Six years later, in 2018, Ramaphosa called himself a Buffalo during his maiden speech at the ANC’s 106th anniversary as its president.

He saw it fit to make a mockery of a moment from a massacre that still stains him, the ANC, and raises questions about what kind of government this is.

He does this in the Eastern Cape, of all places, at Buffalo City. The brazen coldness of such a decision is chilling and more chilling because, like the Marikana massacre, South Africans moved right past it while we watched it live on television.

It raises the question: what kind of people are we? Is our conscience so seared that we can no longer tell good from evil? Are we numb, or are we simply bewitched? Do we accept anyone that speaks good English and call it good leadership?

Ramaphosa’s bull during the Marikana massacre made the massacre even more frightening about what initially seemed like an innocent democracy.

What leads a human being to be that disconnected from the reality of those they lead?

There are no amount of convincing words, bull’s eyes, or dramatised hand gestures that can ever shake that chill. The scenario continues to repeat itself blindly when he, even in jest, calls himself the Buffalo at Buffalo City, where the Marikana widows’ children probably attend university.

Mabuyane’s declaration of the Eastern Cape’s endorsement of Cyril Ramaphosa’s second term is understandably good news to capital, but to anyone who cares, truly cares, it is chilling.

It spells more neglect and winning at all costs, and at the expense of the Eastern Cape, not unlike Marikana miners who were massacred for demanding R 12 500 while he could afford an R18 million buffalo.

As someone who had the ambition to be president, how did he not see the callousness of his decision until there was an outcry?

We still do not know what happened to the R 500 billion while the media convince South Africa that this man is the one to be trusted to deal with corruption.
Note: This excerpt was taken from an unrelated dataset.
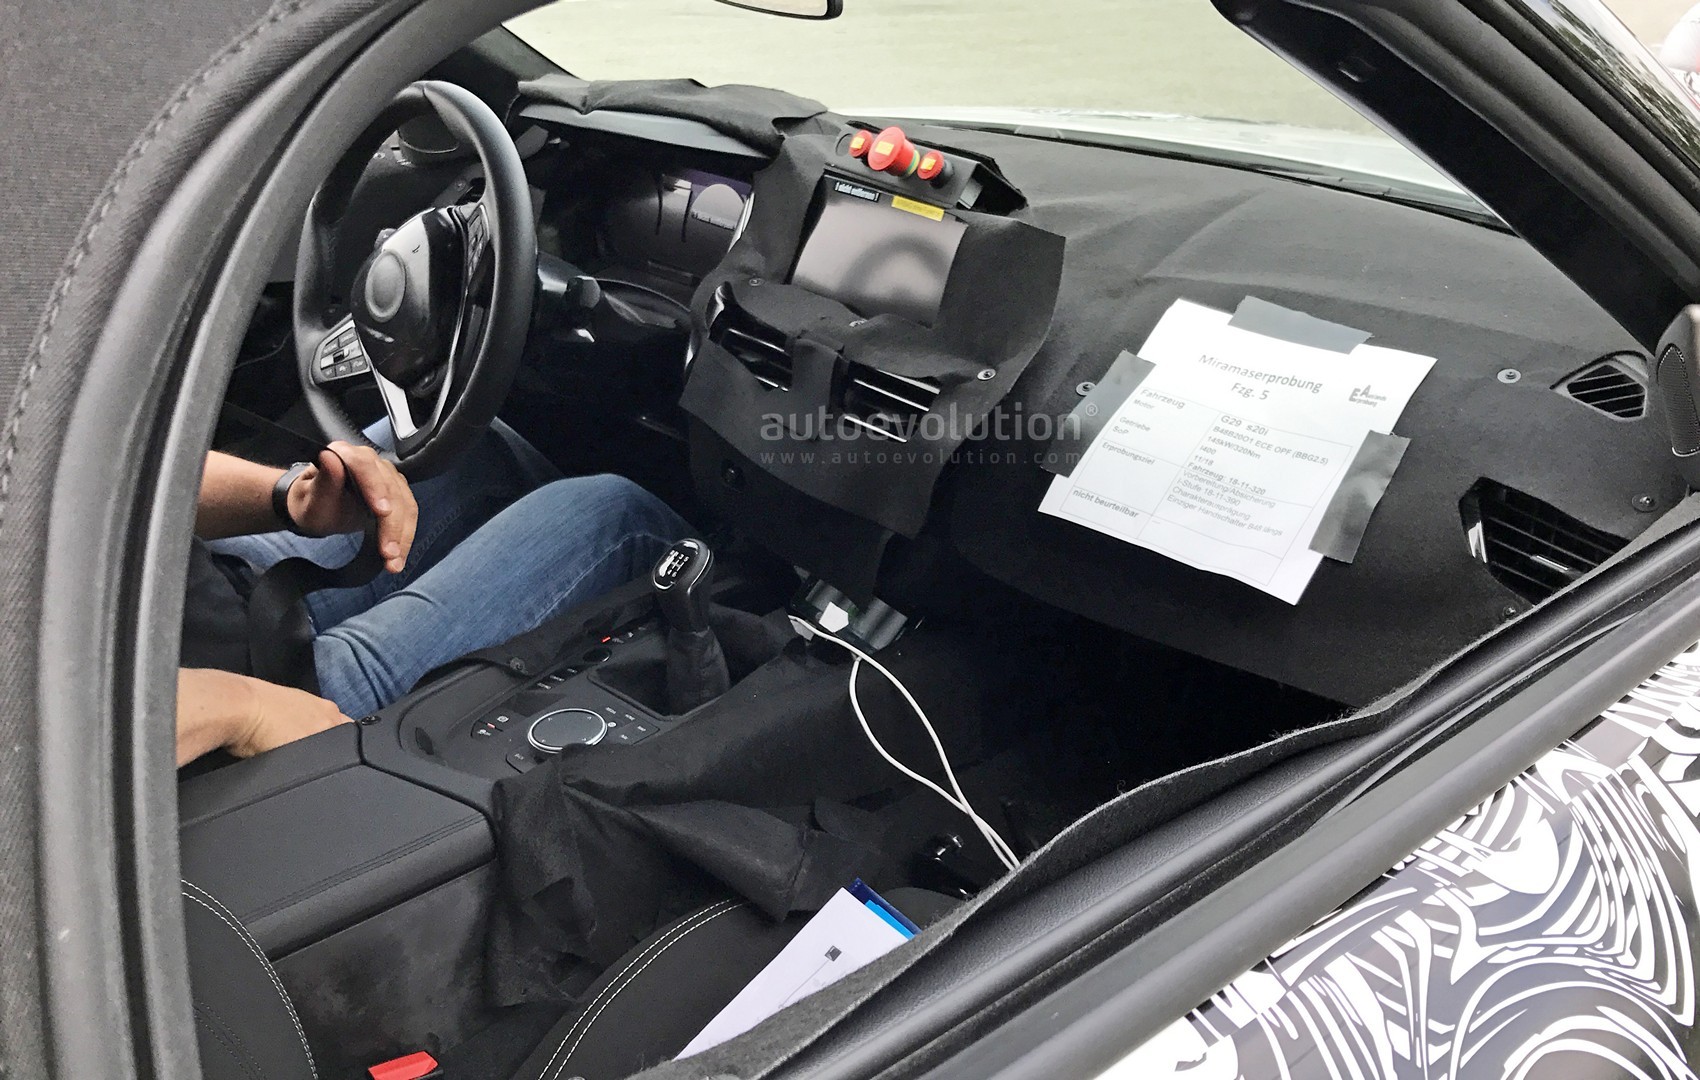 2018 - [BMW] Z4 (G29) - Page 2 2018-bmw-z4-s20i-interior-spyshots-reveal-specs-and-6-speed-manual-gearbox_1

It is time for Eastern Cape leaders, including Mabuyane, and those who are in proximity to the president, to wake up.

The province can not continue to be a sacrifice. It is time to get off the altar and get to work. Mabuyane and Ramaphosa may be the hope for the rich, but they are not for the poor.

That hope, rather, lies in Lindiwe Sisulu, her courage to speak truth to power, her attention to the real issues that can assist South Africa to move forward, and her relentless commitment to her people for whom her care and compassion are the direct opposite of the calculated carelessness of those who seek only their own interests.

Their ongoing war on her is, in fact, their ongoing war against the poor. Her resilience is the resilience of her people. In this ongoing darkness, that is the real dawn rising.

Dlanga is a political analyst and writes in her own capacity.